Straight as a mast, he rose in his stirrups, pulled off his hat, and gazed beyond the assembled ranks of his infantry, staring through the sun-gilt mists that ghosted over the fields, staring into battles immortal and glorious fame eternal. He said:
“Damnation, you boys look ready for a fight!
Georgia! Are you ready?
”
His soldiers roared. Surely, Gordon thought, surely this multitude must be heard where the Federals held Virginia’s soil in thrall, these voices must be heard and set men trembling.

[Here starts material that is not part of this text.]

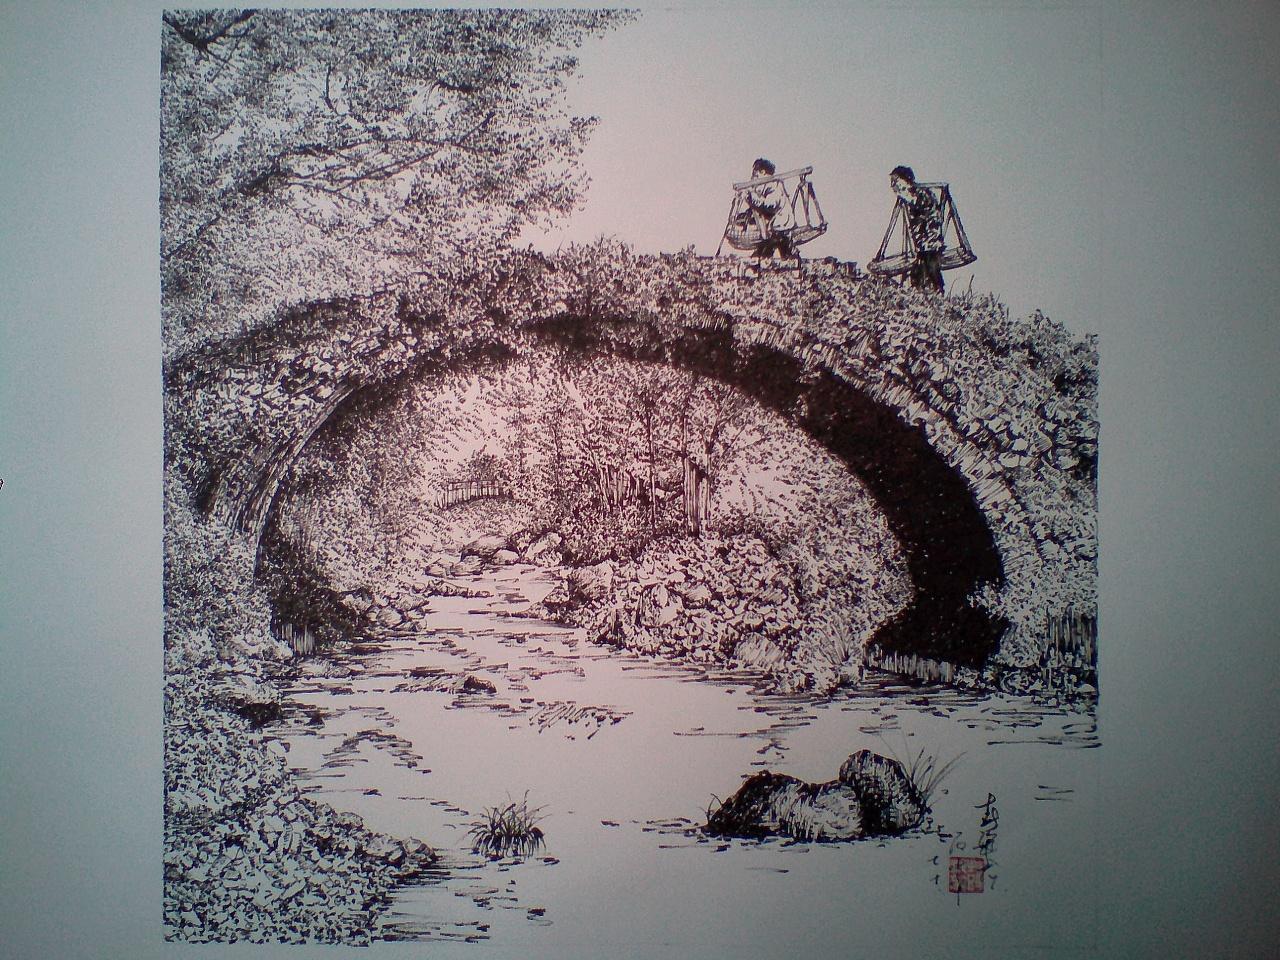 古迹,断桥,便如人生断点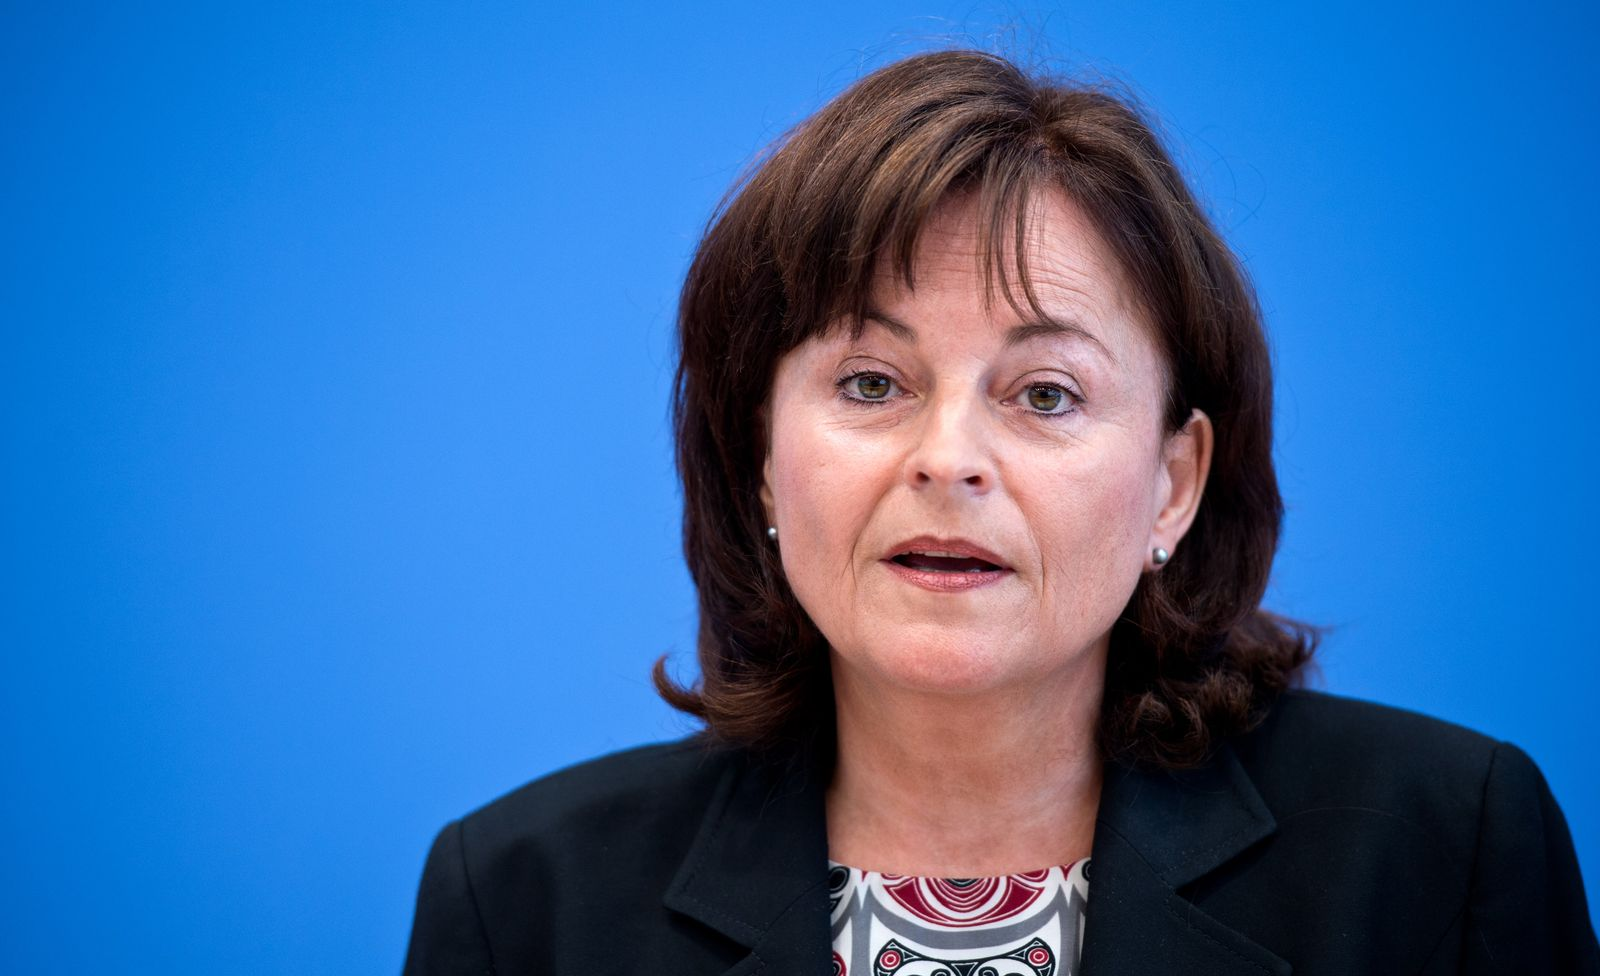 Marlene Mortler

“Boys, you know me. And I know you. You know I don’t believe, never have believed, in showing the enemy my back. My motto is
‘Forward!’
But, Lord bless me, since I took command of this fine, this brave, this impeccable brigade … boys, I have been shamed. Yes, shamed! And shamed again. You heard me right, just still those murmurs right now. You hold your tongues and listen. You’ve shamed your commanding officer, a man who always led the way in the face of the enemy, and do you know why?”

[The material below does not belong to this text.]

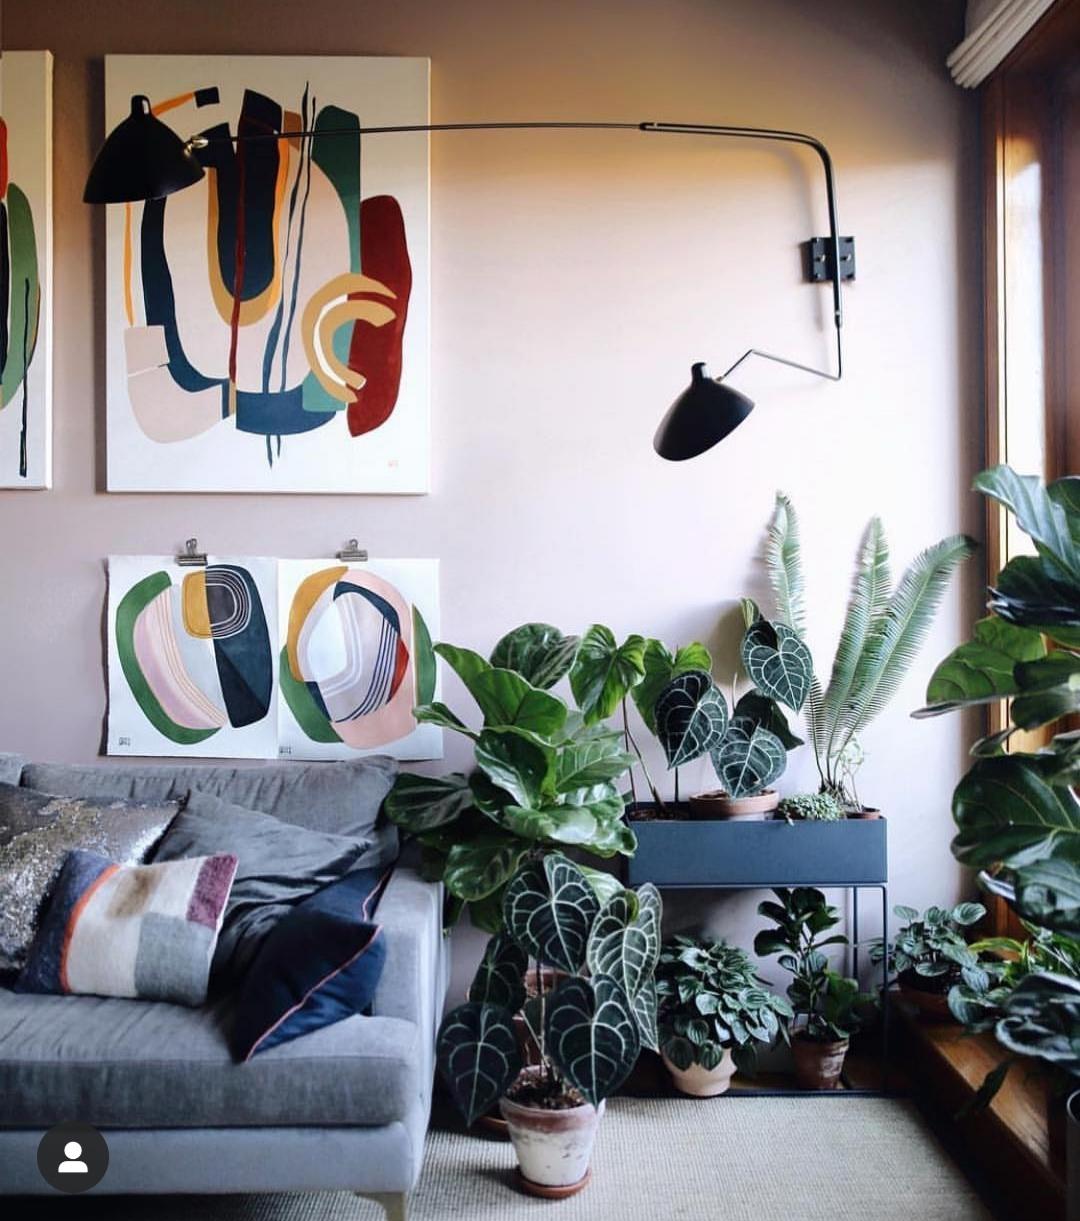 En el SALÓN, elige plantas de interior como la Sanseveria, la Pilea...

Gordon surveyed the beautiful, tattered, willing ranks before him. Without dropping his rump down into the saddle, he let his mount step along. The men knew the rules and patterns of his performances and he could feel them waiting for the kicker.
“I’ll
tell
you why you shame me, boys.” He let his face expand in a mighty smile. “Because, once y’all get going at the Yankees,
I can’t keep up with you!
You make your general look like a shirking skedaddler, like a shade tree do-nothing.
God bless Georgia!
”
A thousand voices and a thousand more howled, cheered, and bellowed their approval.
“You jest watch us, Genr’l,”
a voice called, piercing the hubbub.
“Even that horse a your’n won’t catch us up.”
“Oh, I don’t want to slow you down,” Gordon responded to his bearded interlocutor, to them all. “No, gentlemen, no! I wouldn’t want to be the cause of sparing those Billy Yanks one mite of the terrible blow this brigade is set to deliver upon that pusillanimous blue multitude. So … I’m just going to do my best to keep up with y’all. I want you boys to go at those blue devils like a high-summer hurricane and send them running back to Hell or Boston, whichever’s closer.”
He paused, letting the renewed cheers dissipate and scanning the ranks before him. His horse pranced and Gordon preened. Wishing Fanny were there to admire him, as she had that sweet gift of doing. He was grateful for every glimpse of the woman, for every breath she took.
Men said he loved to hear the sound of his own voice, but Gordon didn’t mind. It was the Lord’s own truth. He loved to stand up and speechify, and his men loved to listen and play their parts in the spectacle. The trick, of course, was to know the men, to reach past their desires to get at their needs. Once you knew the audience, you knew the words to say, and all you had to do was to say them proper.